Pursuant to Paragraph IV(H), the Acquirer has the option to enter
into a transition services agreement with Smiths sufficient to meet the
Acquirer's need for assistance in matters relating the Divestiture
Assets. The Acquirer may exercise this option for a period no longer
than twelve (12) months following completion of the divestiture
required by the Final Judgment.
The facilities located in Santa Ana, California and Andover,
Massachusetts each currently contain assets that are unrelated to
desktop ETD devices. Accordingly, pursuant to Paragraphs IV(J) and
IV(K), Smiths is required to remove the non-desktop ETD device assets
from these facilities no later than thirty (30) days after the date the
Transaction is closed.
In accordance with Paragraph IV(L), at Smiths' option, the Acquirer
shall enter into an agreement to provide Smiths with a non-exclusive,
worldwide, royalty-free, non-transferable, irrevocable license for the
intangible assets described in Paragraph II(G)(3) of the Final
Judgment, that, prior to the filing of the Complaint in this matter,
were being developed to be used in connection with ETD devices (i.e.,
the ionization process technology, the high-volume particle vapor
sampling technology, and the mass spectrometry technology); provided,
however, that any license for ionization and mass spectrometry
technology may not be used in connection with the development,
engineering, production, distribution, sale and/or service of ETD
devices. Such licenses will not be subject to any requirement to grant
back to the defendants any improvement or modifications made to these
assets.
Pursuant to Paragraph IV(M), final approval of the sale of the
Divestiture Assets, including the identity of the Acquirer, is left to
the sole discretion of the United States to ensure the continued
independence and viability of the Divestiture Assets to compete in the
relevant markets.
According to Section V, in the event that Smiths does not
accomplish the divestiture within the periods prescribed in the
proposed Final Judgment, the proposed Final Judgment provides that the
Court will appoint a Divestiture Trustee selected by the United States
to effect the divestiture.

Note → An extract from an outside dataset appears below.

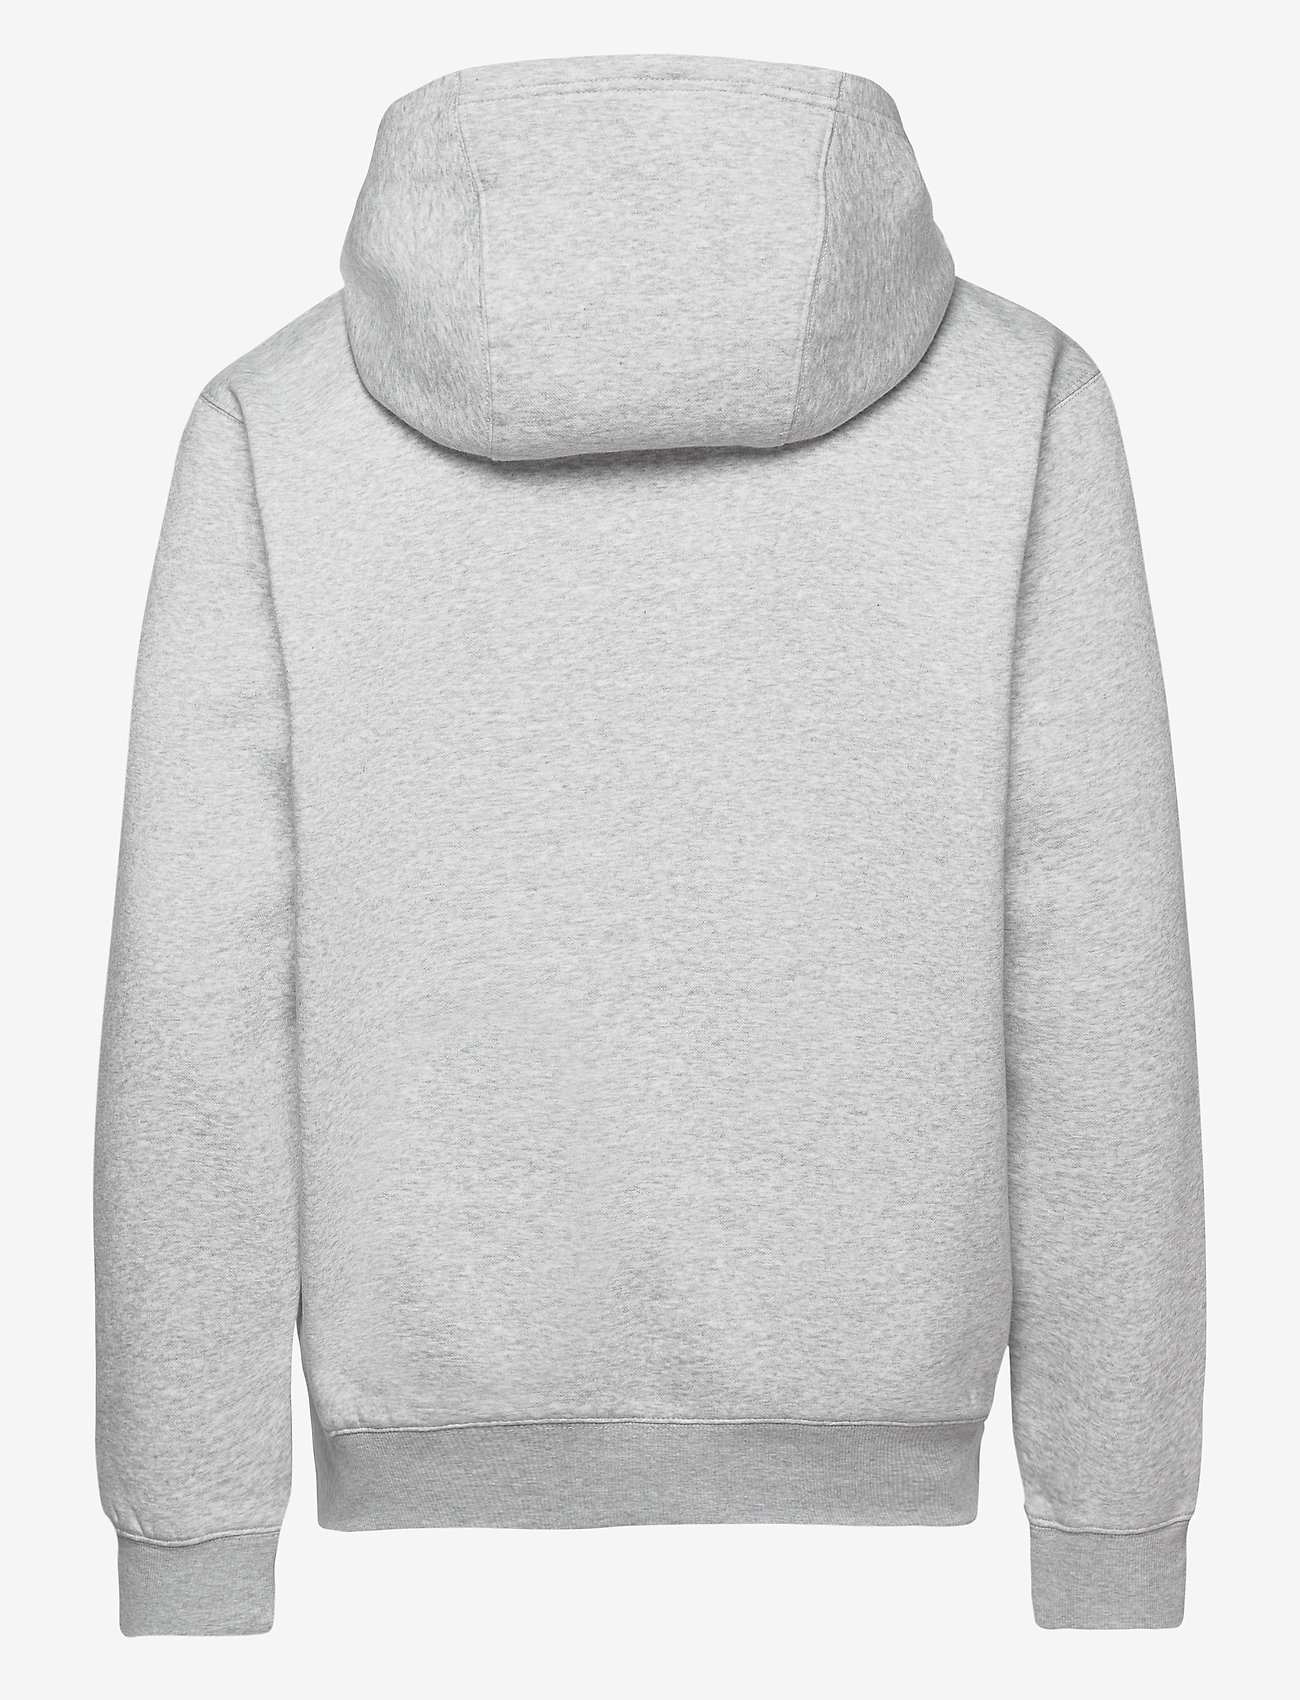 Tommy Jeans - TJM REGULAR FLEECE ZIP HOODIE - hoodies - lt grey htr - 1

If a Divestiture Trustee is appointed, the
proposed Final Judgment provides that Smiths will pay all costs and
expenses of the trustee. The Divestiture Trustee's commission will be
structured so as to provide an incentive for the trustee based on the
price obtained and the speed with which the divestiture is
accomplished. After its appointment becomes effective, the Divestiture
Trustee will file monthly reports with the Court and the United States
setting forth its efforts to accomplish the divestiture. At the end of
six months, if the divestiture has not been accomplished, the
Divestiture Trustee and the United States will make recommendations to
the Court, which shall enter such orders as appropriate, in order to
carry out the purpose of the trust, including extending the trust or
the term of the trustee's appointment.
Section XI of the proposed Final Judgment requires Smiths to
provide notification to the Antitrust Division of certain proposed
acquisitions not otherwise subject to filing under the Hart-Scott
Rodino Act, 15 U.S.C. 18a (the ``HSR Act''), and in the same format as,
and per the instructions relating to the notification required under
that statute. The notification requirement applies in the case of any
direct or indirect acquisitions of any assets of or interest in any
entity engaged in the development, engineering, production,
distribution, sales, and servicing of desktop ETD devices in the United
States; provided that notification pursuant to this Section shall not
be required where the purchase price of the assets or interests being
acquired is less than $30 million. Section XI further provides for
waiting periods and opportunities for the United States to obtain
additional information similar to the provisions of the HSR Act before
such acquisitions can be consummated. The United States believes that
Smiths may have an interest in acquiring other desktop ETD companies
that have not
[[Page 17293]]
yet qualified for either the QPL or ACSTL but which may attempt to
qualify for the QPL or ASCTL in the future. Because some of these firms
may not be large enough to trigger HSR reporting requirements, we are
requiring this notification provision.
The Divestiture Assets are not limited only to desktop ETD devices
but rather include Morpho's global ETD business, which includes
desktop, handheld, and portal ETD products. These products share many
commonalities, including intellectual property, research and
development, patented technology, production processes, components,
distribution, sales, and service support. Partitioning such closely
related lines of business would be impractical and endanger the
viability and competitiveness of an entity that consists solely of the
desktop ETD business. The divestiture provisions of the proposed Final
Judgment will eliminate the anticompetitive effects of the acquisition
in the provision of desktop ETD devices used in the relevant markets by
preserving the Divestiture Assets as an independent and vigorous
competitor to Smiths.
IV. REMEDIES AVAILABLE TO POTENTIAL PRIVATE LITIGANTS
Section 4 of the Clayton Act, 15 U.S.C. 15, provides that any
person who has been injured as a result of conduct prohibited by the
antitrust laws may bring suit in federal court to recover three times
the damages the person has suffered, as well as costs and reasonable
attorneys' fees. Entry of the proposed Final Judgment will neither
impair nor assist the bringing of any private antitrust damage action.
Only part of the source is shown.